Professionally, I got to work on a Tablet PC based electronic medical records system.
Above: The “dream machine” of 2004.
All the stuff that we’re all excited about now was around in 2004. Some things like battery life were not quite ready for prime time, but the core handwriting recognition engine was already in place and already was a lot better than the competition before there was competition.
But it was in Richmond that I discovered the developer community in a big way. After my great experiences in New Jersey with N3UG, I wanted to participate. The Richmond.NET User Group president at the time saw my blog post lamenting the lack of meetings and, asked if I was willing to speak.
I said yes and have been speaking at developer community events ever since.
Husband, Father, Author: 2006 – 2010
In 2006, I met my wife and I knew I was going to marry her was she already knew all about steganography.
Also in 2006, I left Richmond for Northern Virginia. Shortly after that, my father passed away. A lot happened that year.
2007 was a much better year: we got engaged and I got an article published on Tablet PC development. I even spoke at three major professional conferences on the same topic.
The changes kept coming: In 2008, we got married, bought and renovated an older home. You may have noticed blog posts drop off slightly during that time. If you’ve ever wondered why, there’s your answer.
In the middle of all this, I had the opportunity to learn WPF as part of a really cool project I can’t talk about. Suffice to say that my Tablet PC SDK skills and foreign language skills were two unique traits that made me the ideal candidate. The work I did on this project was some of the most rewarding and challenging work I’ve ever had the privilege of doing.

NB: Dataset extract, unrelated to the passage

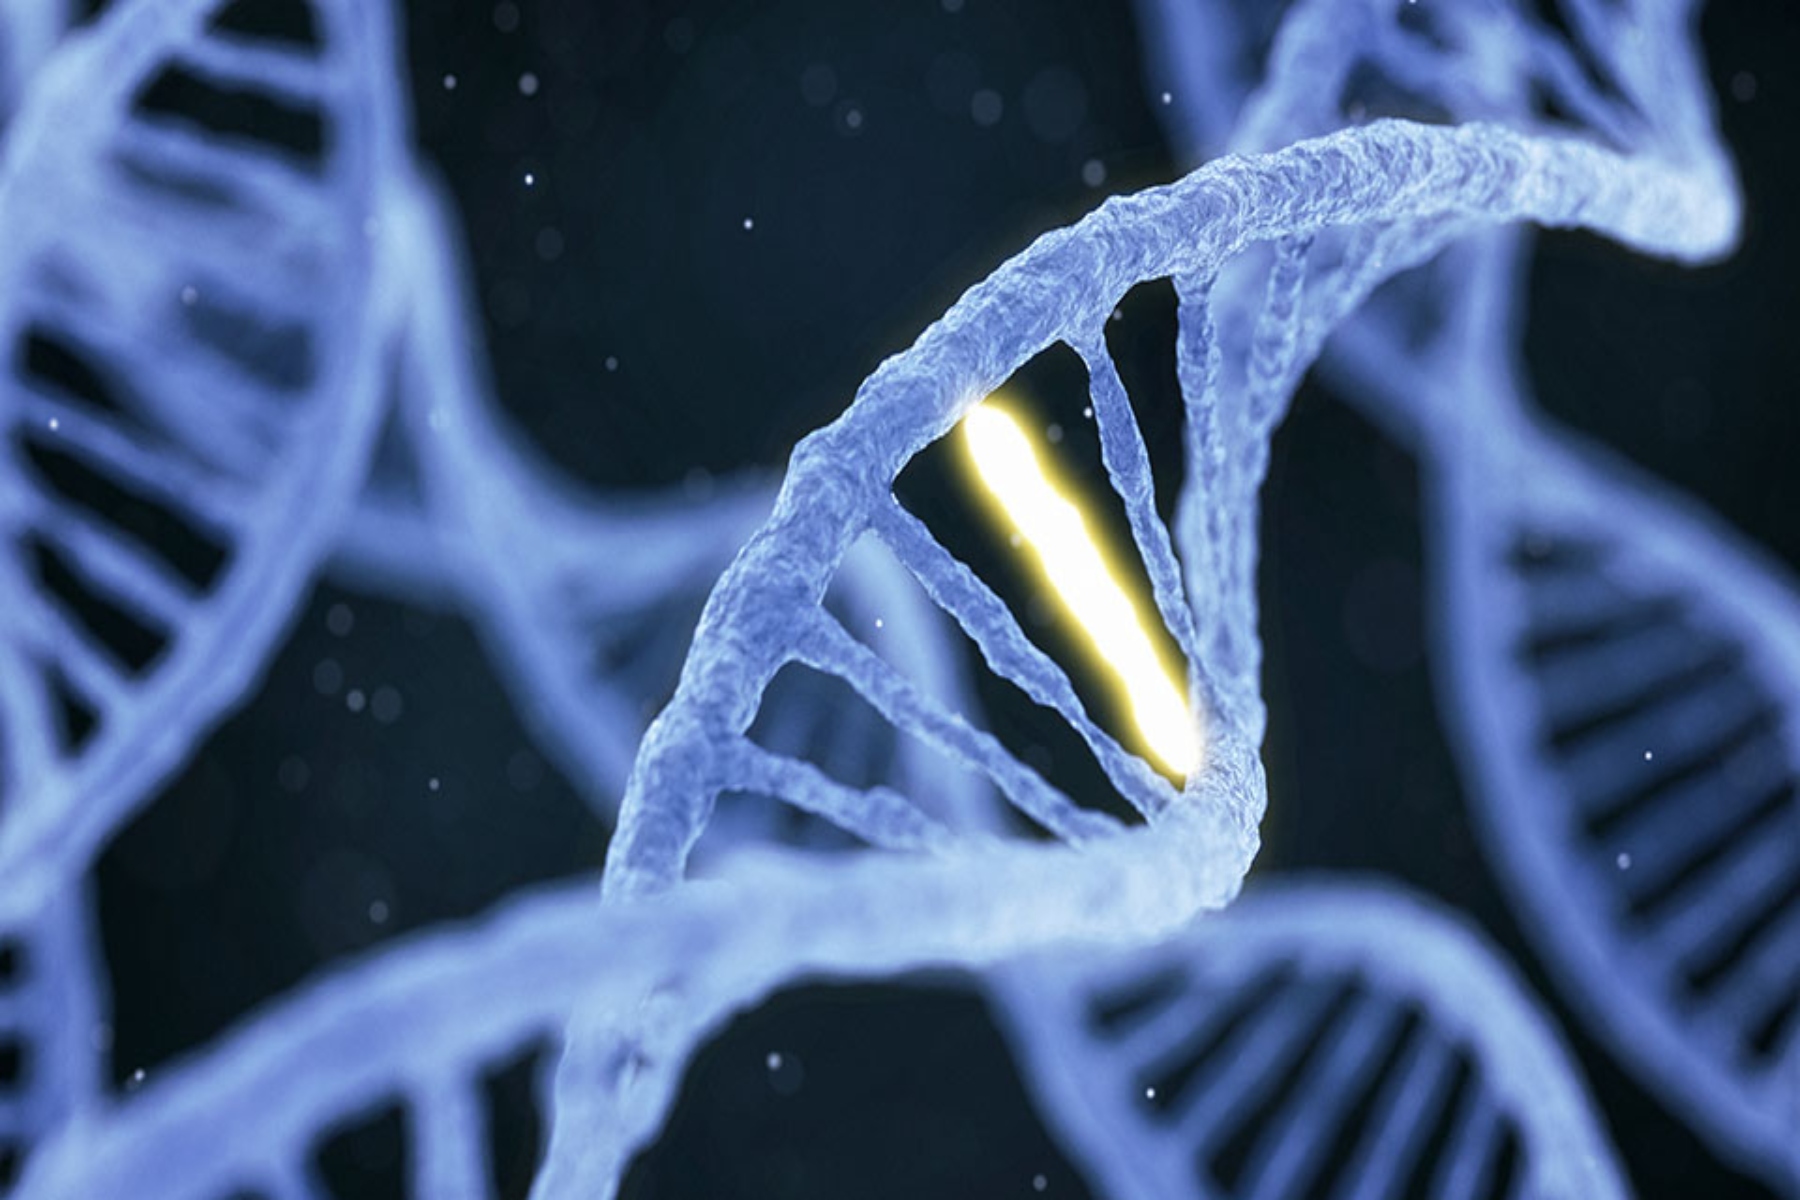 Γονίδια ασθένειες: Αποκαλύπτοντας πέντε γενετικά επηρεαζόμενες ασθένειες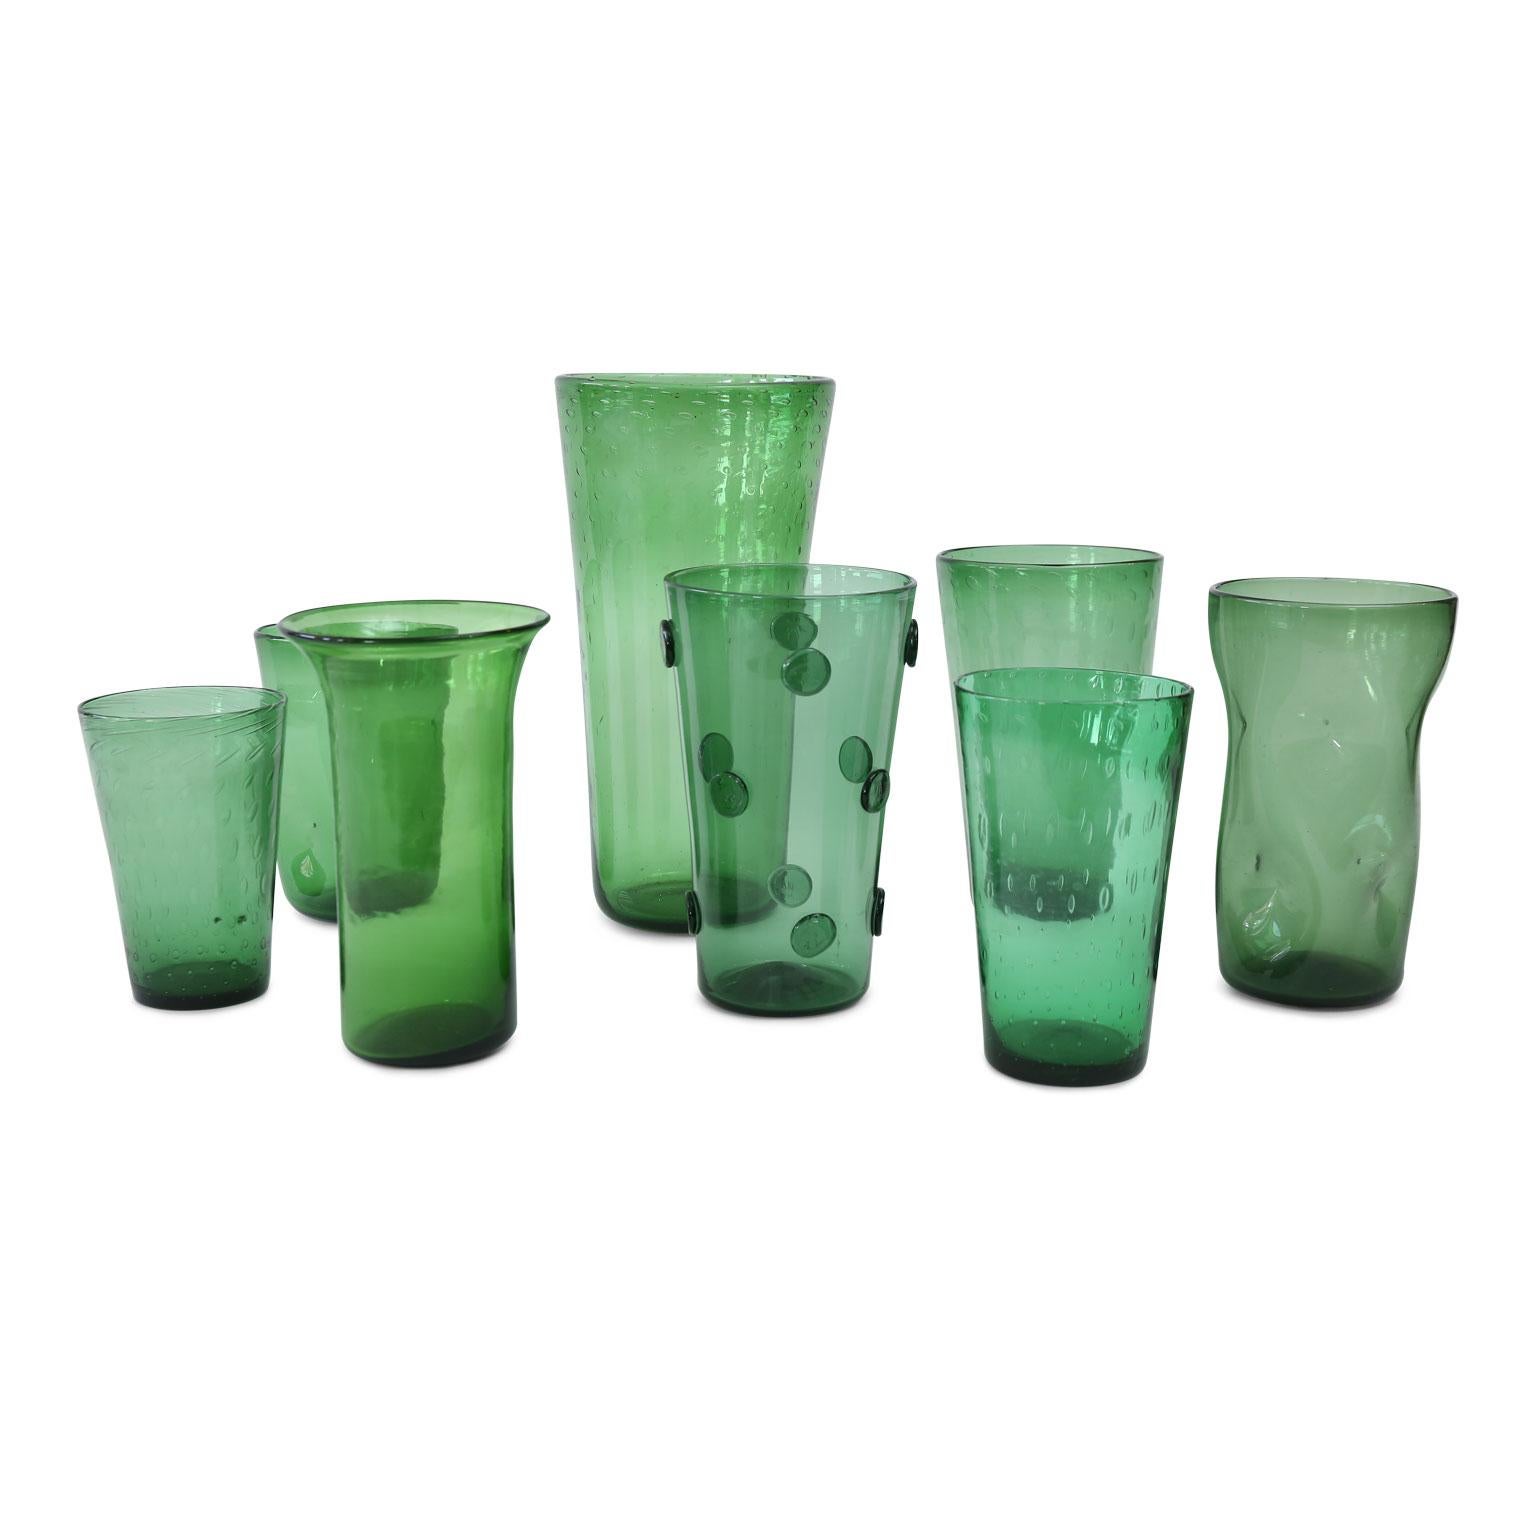 Mid-20th Century Italian Green Glass Vase

Although I had a magazine article published, I really wanted to write a book and in 2009 I got my chance.
Two weeks later, we found our son was on his way. 2009 was a busy, busy year.
More than a few people forwarded the post, writing excitedly about a “release date” (aka due date) of December 2009. I’m sure someone somewhere freaked out about NDA related issues until they read the post a little more closely.
Blue Badge: 2011 through Today
Since joining Microsoft, I’ve had the chance to meet a wide degree of people who are doing amazing things with our technologies in the Public Sector. From soldiers serving our country to foreign dignitaries, I’ve had the chance to talk tech with and get feedback from an amazing array of people.
First and foremost, I think it’s time to take the HTML and CSS skills I’ve built up building Windows 8 apps and it put it to use here.
Maybe, like Windows, Frank’s World also needs to be re-imagined for a new era.
Don’t worry, I like the developer blog format and won’t go the fake news route, except maybe for April Fools’ Day.